Once known as Project Natal, Kinect stretches the concept of motion capture that propelled the Wii's global success. But Microsoft eliminated the controller completely. Kinect relies instead on a camera system that recognizes gestures and voices, enabling players to control on-screen avatars in action and sports games simply by moving their own bodies.
"All you have to do is play (Kinect), or watch people play it," said Takashi Sensui, head of Microsoft's home and entertainment division in Japan. "It's nothing you've seen, and it's a brand new experience that I think a lot of people will be attracted to."
Until now, the Xbox has been known as the device to play hard-core shooter games such as "Halo." In the U.S., Microsoft ranks second in console sales after Nintendo, just ahead of Sony.
Microsoft has some catching up to do in Japan. As of last week, it had sold some 150,000 Xbox 360 console this calendar year, according to Media Create Co., a Tokyo-based gaming market research company. Nintendo sold about a million Wii units during the same period, while Sony sold just under a million.
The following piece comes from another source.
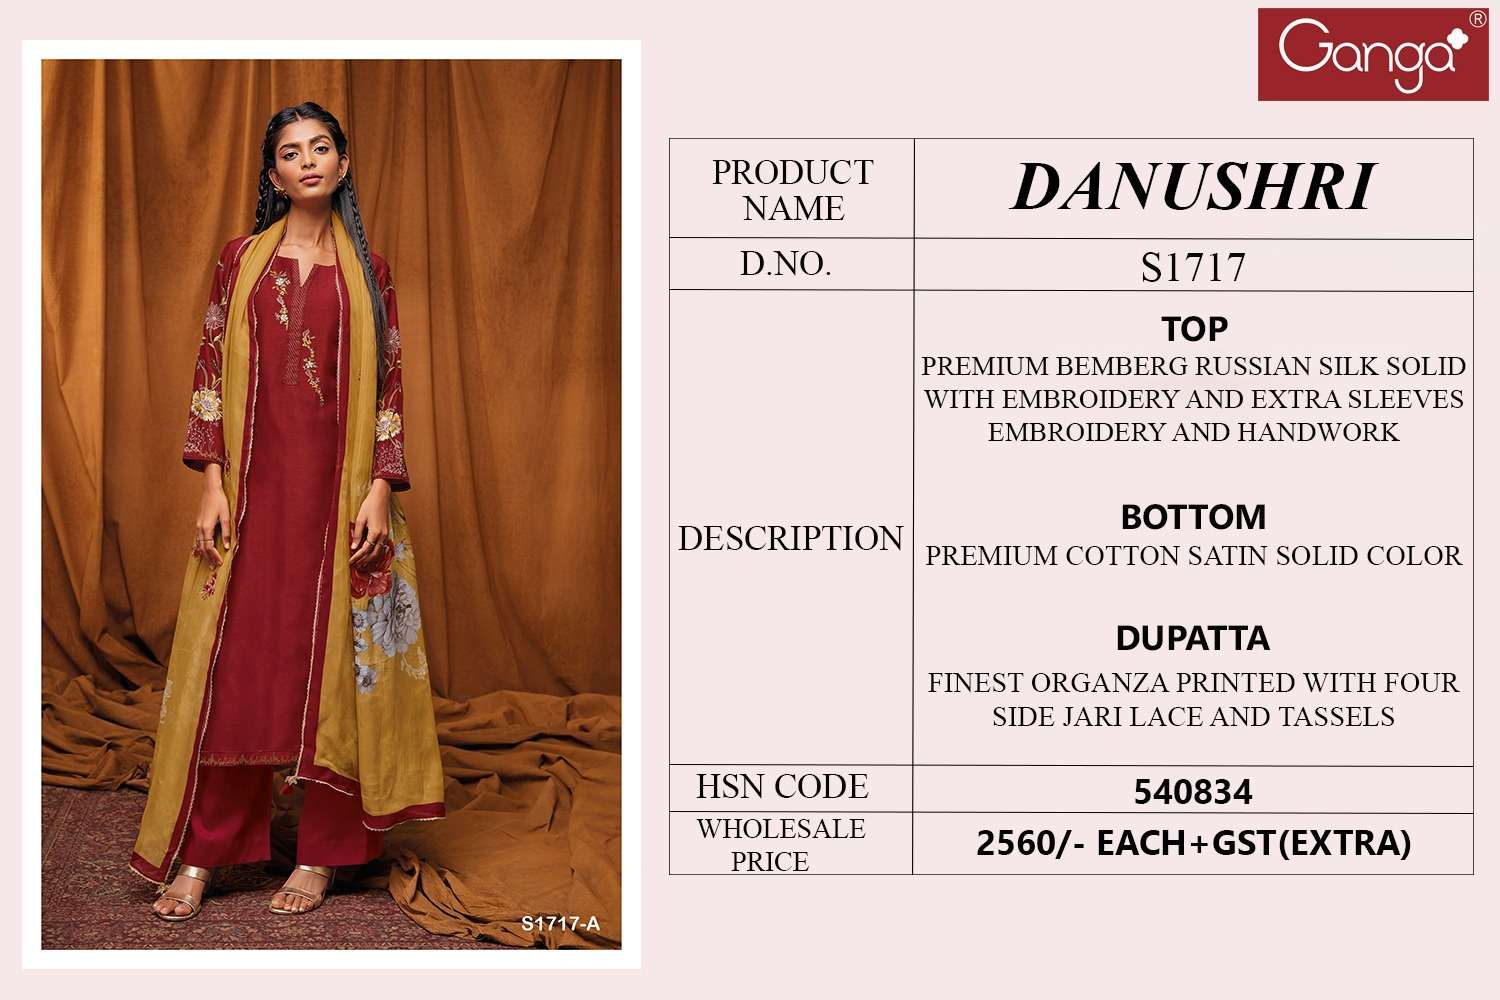 ganga danushri 1717 series indian designer salwar kameez catalogue wholesaler surat
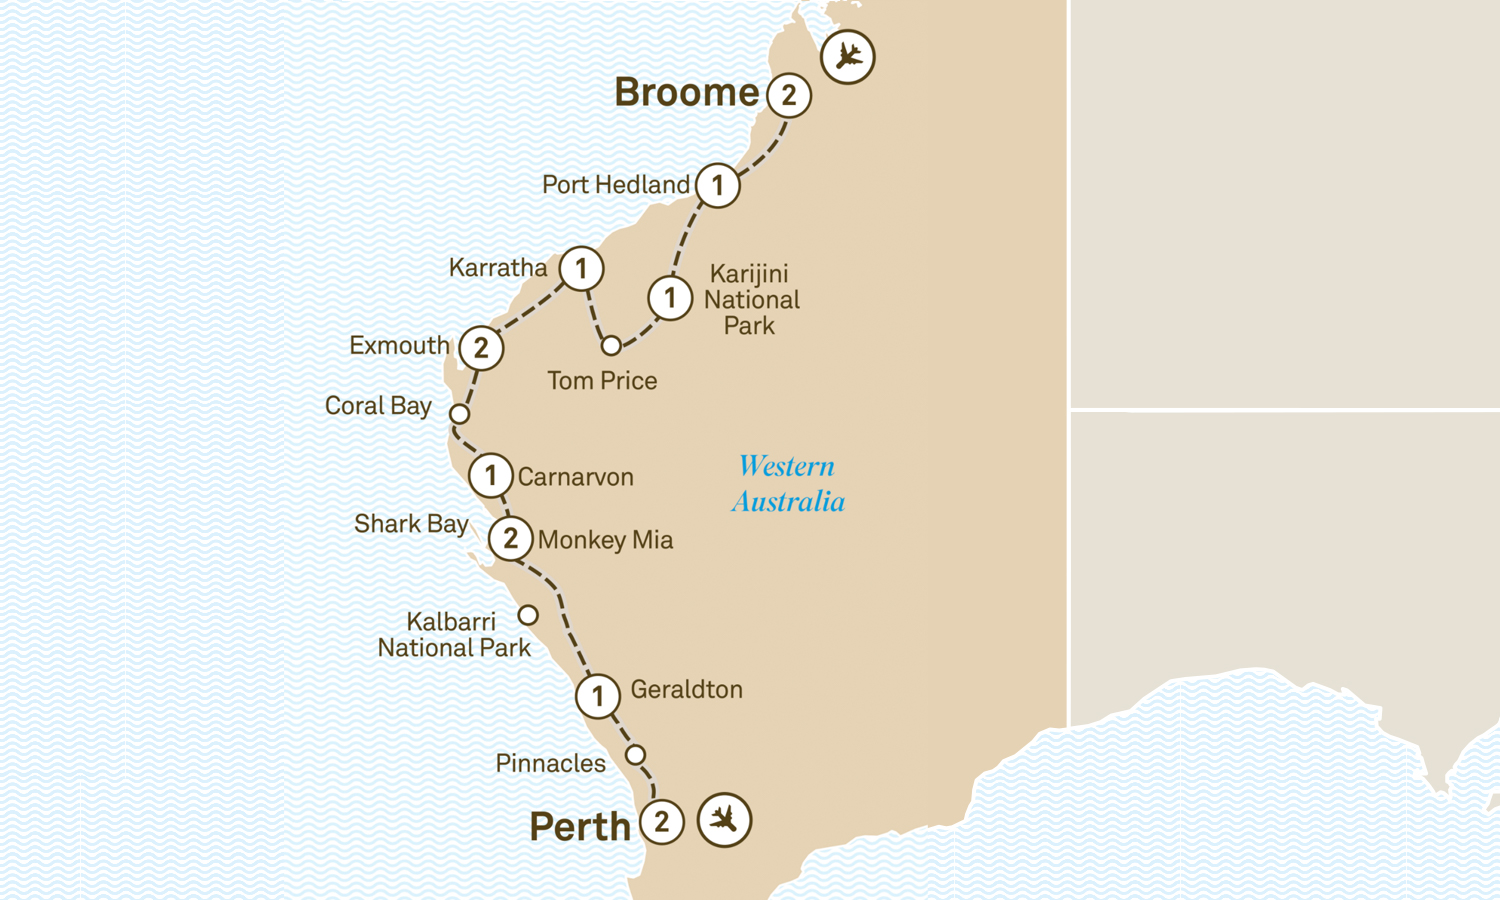 Scenic 14-day Broome to Perth tour

Sensui said Kinect would help Xbox close the sales gap and maybe even surpass rivals "eventually."
Microsoft said Kinect will launch in Japan on Nov. 20. It has previously announced that its global launch will begin Nov. 4 in North America, followed by Europe on Nov. 10.
Microsoft will release 10 Kinect-compatible games by the end of the year in Japan, including a brain-training game that requires players to use eye-brain-body coordination to answer various math and game puzzles. The game was developed with Japanese neuroscientist Ryuta Kawashima, who appears in a popular series of brain- training video games that drove sales of the Nintendo DS.
Kinect will be sold bundled with the Xbox or as a stand-alone system, which can be connected to existing consoles. It will cost $150 in the U.S. and 14,800 yen in Japan.